Susmayacağız. En güvendiğimiz kaleler yıkılsa, en çok konuşmasını beklediklerimiz sussa da biz susmayacağız.
Bu hukuksuzluk,bu zulüm son bulana kadar ülkemizi,demokrasimizi, özgürlüklerimizi,hapisteki arkadaşlarımızı savunmaya devam edeceğiz.
Yenilirsek, demokrasiden laikliğe, meclisten kadın-erkek eşitliğine, adaletten yaşam biçimimize kadar bütün kazanımlarımızı kaybederiz.

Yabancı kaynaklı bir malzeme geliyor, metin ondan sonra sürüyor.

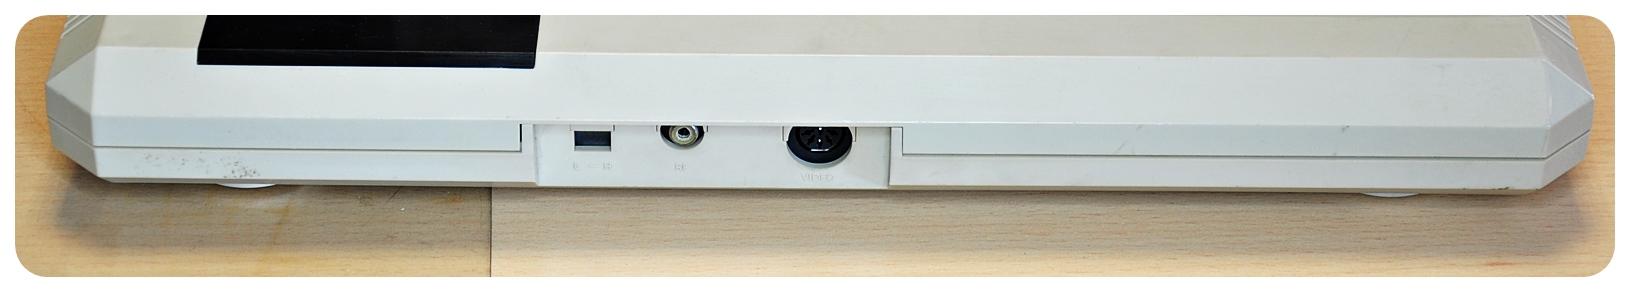 konsola COMMODORE C 64GS - ładny komplet ! - 7369307703

Ama bugün korkar ve susarsak, yarın umudunu da bütün kazanımlarımızla birlikte gömeriz. Bunu yapmayacağız. Korkmuyoruz. Susmayacağız!
“Hadi kalsaydın ya niye kaçtın?”
Cumhurbaşkanı Erdoğan, Dündar’ı isim vermeden şu sözlerle hedef almıştı: ”Bir tane terörist köşe yazarı. Köşe yazarı müsvettesi. 5 yıl 10 aya mahkum oluyor, tutuksuz yargılanmak üzere serbest bırakıyor. Almanya’ya kaçıyor. Alman Cumhurbaşkanı ağırlıyor. Ne menem iştir. İngiltere’de yaptığı konuşmada Türkiye’yi açıkhava gazeteci hapishanesine benzetiyor. Peki sen nasıl kaçıp gittin? Seni hukuk hapishaneye koymuyor, serbest bırakıyor sen de kaçıp gidiyorsun. Hadi kalsaydın ya niye kaçtın? Karakter meselesi bu. Dikdatör adı başlığını attı, sen kaçıp gidebilir misin ya? Sen dikdatör olsaydı hangi zindanlarda olacaktın? Batı bu koynunda bunları besliyor.”